The important number is the slope of the regression line, now set up to be 0.87309. Earlier, our number for the for the one year regression was set to 0.98403.

Let’s take that slope and extrapolate outwards by multiplying it by 5 for get our predicted 5 year change.

\[ 1-0.98403=0.01597 \\ 0.01597 \times 5 = 0.07985 \\ 1 - 0.87369 = 0.12631 \\ 0.12631 > 0.07985 \] The 5 year difference is larger even after we incorporate the standard error.

\[ 0.12631 - 0.0141 = 0.11221 \\ 0.07985 + 0.01148 = 0.09133 \]

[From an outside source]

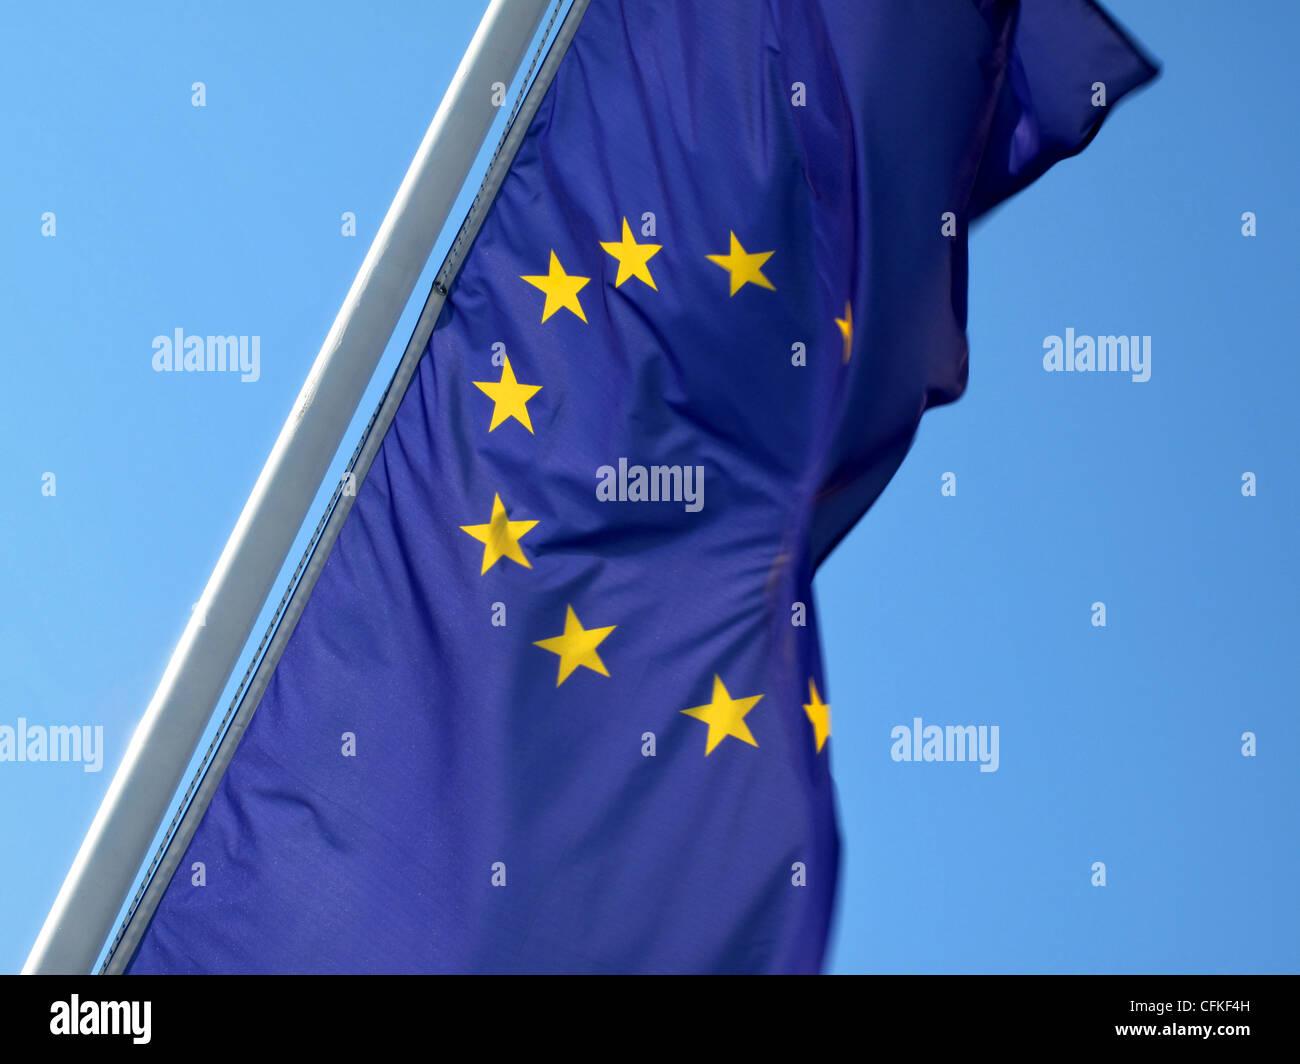 Flag of the European Union EEC - Stock Image
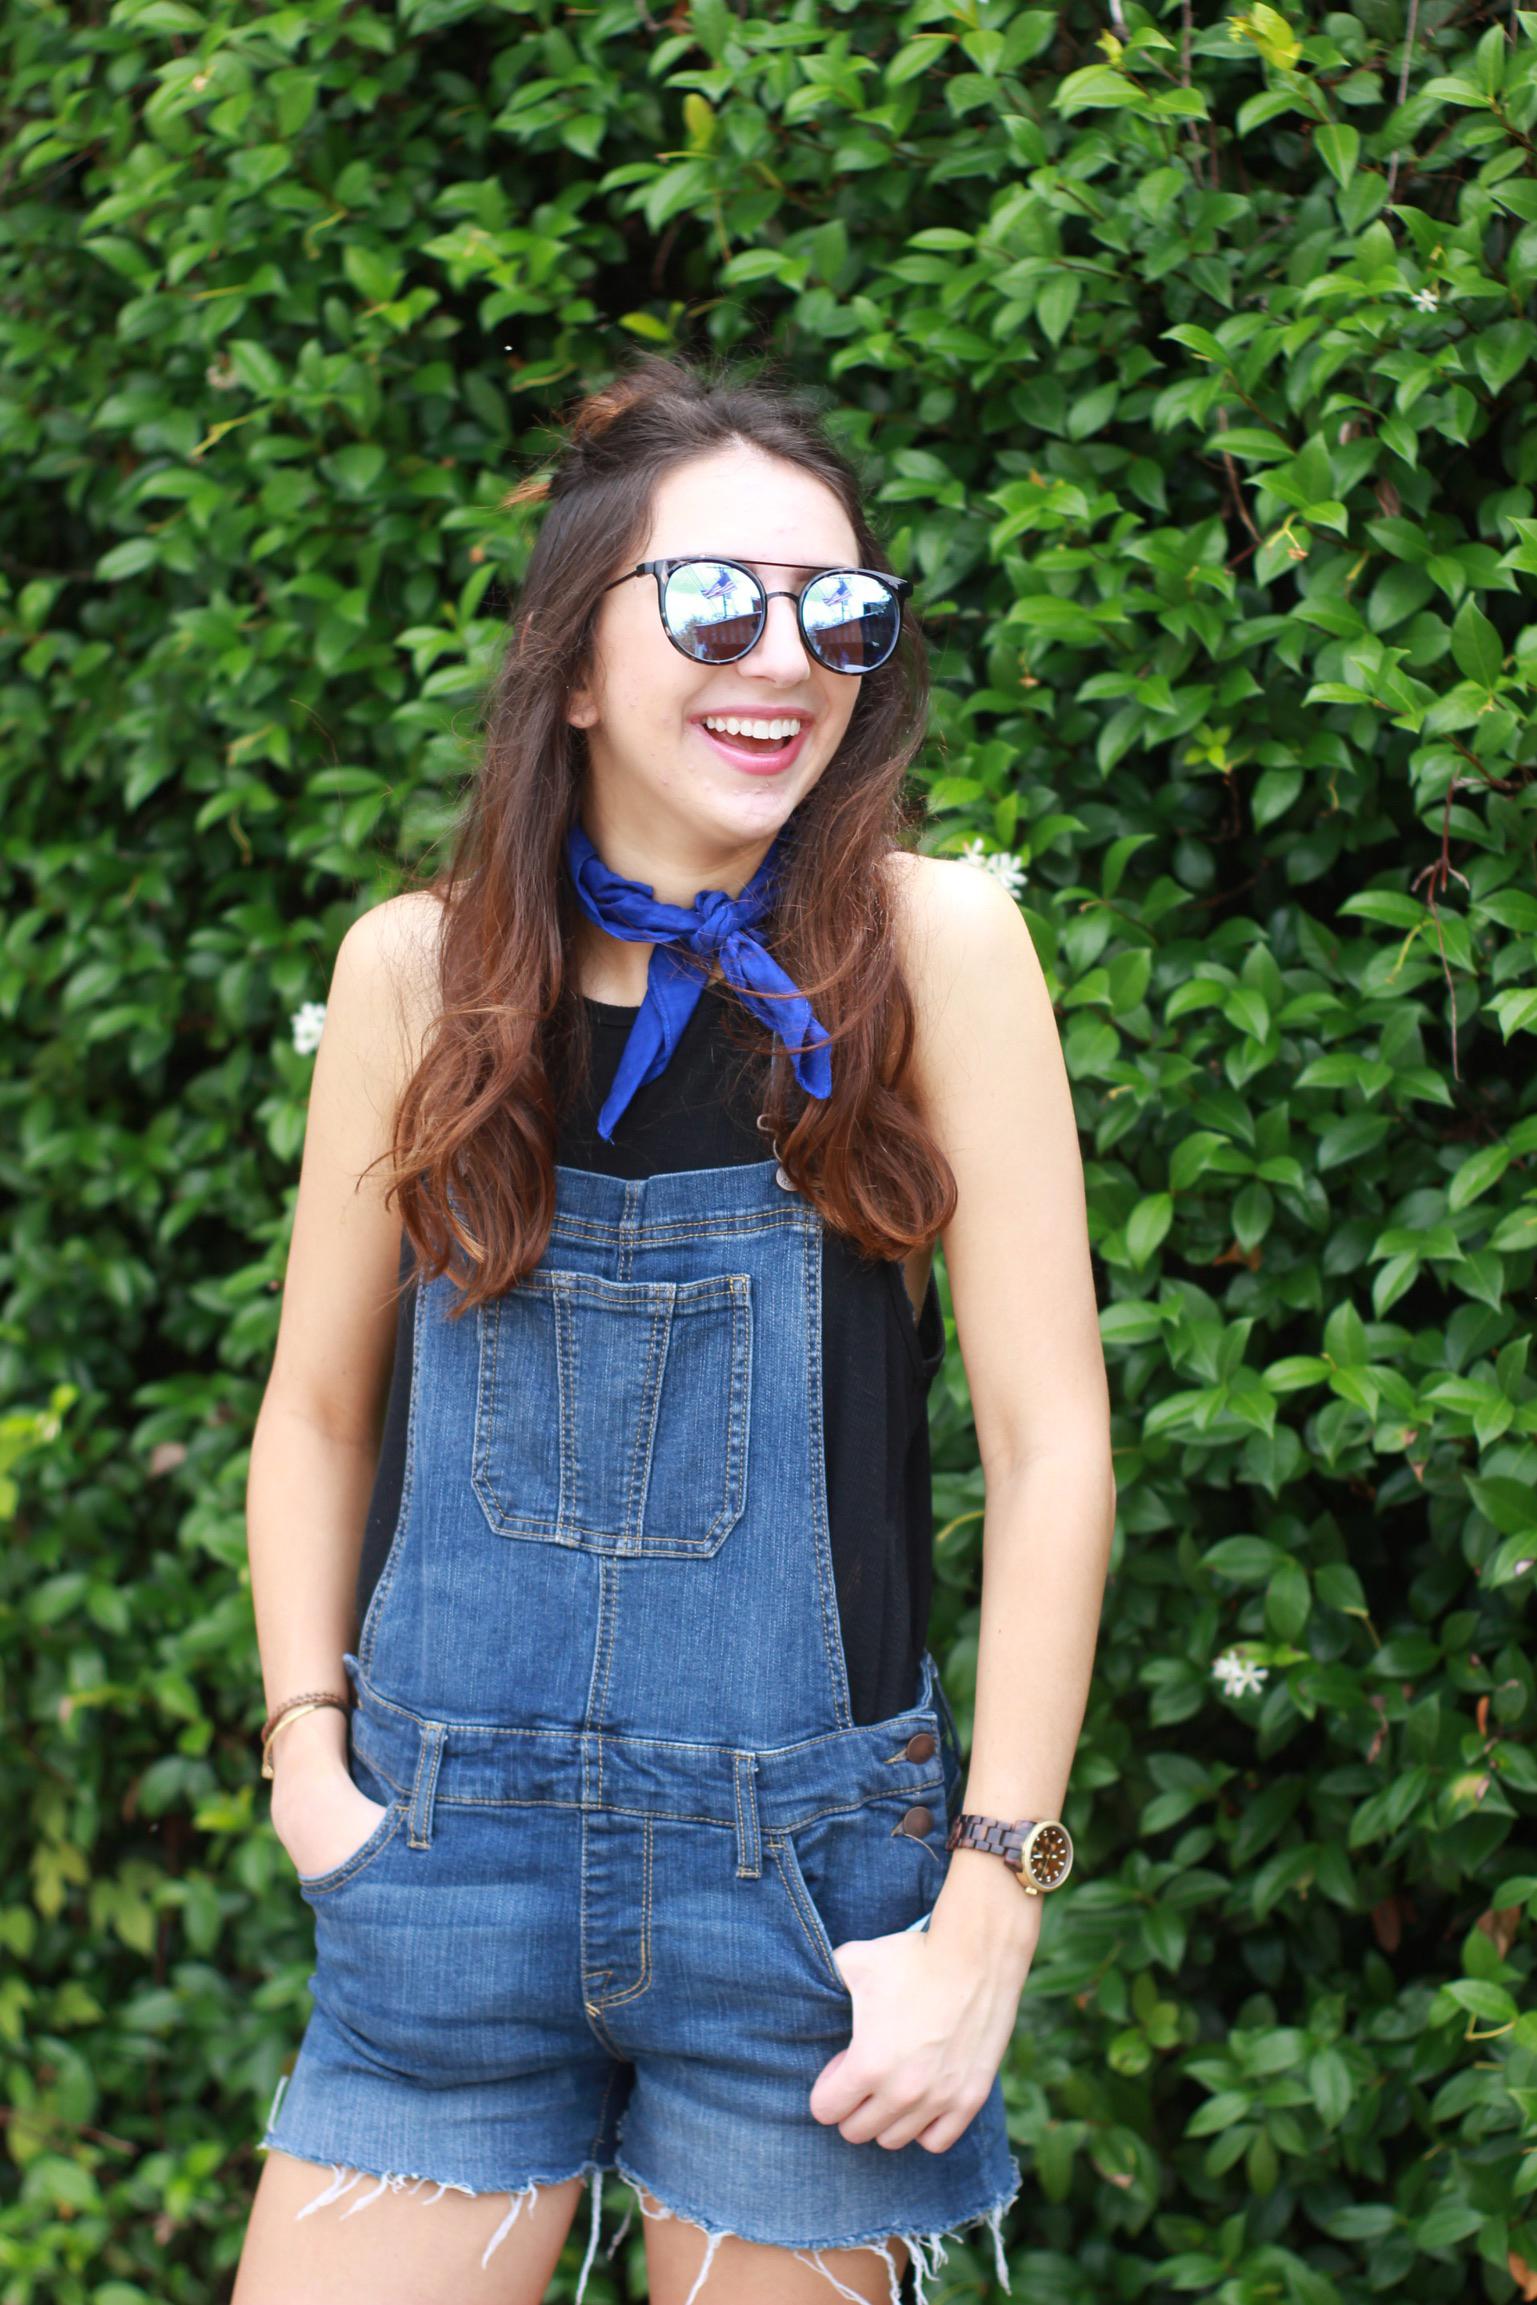 styling-overalls-4-lgip

This is to suggest that the drop in telephone lines predicted by the one year model is actually an under estimate, and the access to telephone lines is actually decreasing over time. And I’ll be honest, I did not expect to see that in the data. keep in mind, this data agnostic as to whether the access comes from home lines or cell phones. Which, presumably, would make this over estimate, because you only need one cell phone in a household in order for it be counted. and if you take a household of 3 people or whatever which loses a land line to gain a cell phone, then the number of people with access to a phone line goes down, and the data still counts that household as having a phone line. It goes against the conventional wisdom that access to technology is growing. If we assume that the predictions made by this analysis are true (because, keep in mind, there still could be some shenanigans with how the data is collected) then I can think of a couple of explanations as to why this is happening:

This could be a result o higher internet access and the advent of chat apps to replace phone usage. I, myself have found that I’m using my cell phone less and less as a phone, and more and more as a conduit to access the internet, and if I want to text someone, I can use Whatsapp or Snapchat or Instagram or any number of applications designed for chatting with friends. and it’s reasonable to think that people would opt out of having access to a phone line if they get all those things from the internet. You could try to confirm or deny this by looking at things such as internet access, internet speeds, the number of people with a stand alone data plan on their phone, as well as cell phone ownership. Perhaps in a future post I’ll explore those avenues of data analysis, but for now we’ll leave the question open.
In the event that this is not explained by replacements to phone lines, then people are simply losing their access to technology and are becoming less connected. The implications, in my view, are an increase in worldwide corruption and inequality. If you take a look at the Corruption Perception Index, you’ll see a clear correlation between countries that are corrupt, and the well-being of the average citizen. If the median person is losing their phone access without anything to replace it, then the median person is, in all likelihood, becoming poorer. Which doesn’t lend well to our general understanding of the patterns of society over the last 20 years or so.

Other than that, the analysis technique seems to be incomplete. There are ways we could expand on the regression done here by incorporating all the years into one model. Perhaps by incorporating factor analysis on which year it is, future years as predictors, as well as other information we have about the countires in the data set, and putting it all into one model. In that case you do run into concerns about over fitting, and (as today) over extrapolating from granular trends. Even for the analysis we did today, there are various assumptions one must confirm. which I skipped in a vein attempt at brevity. And all of that seems like the topic of a future blog post if I get to it.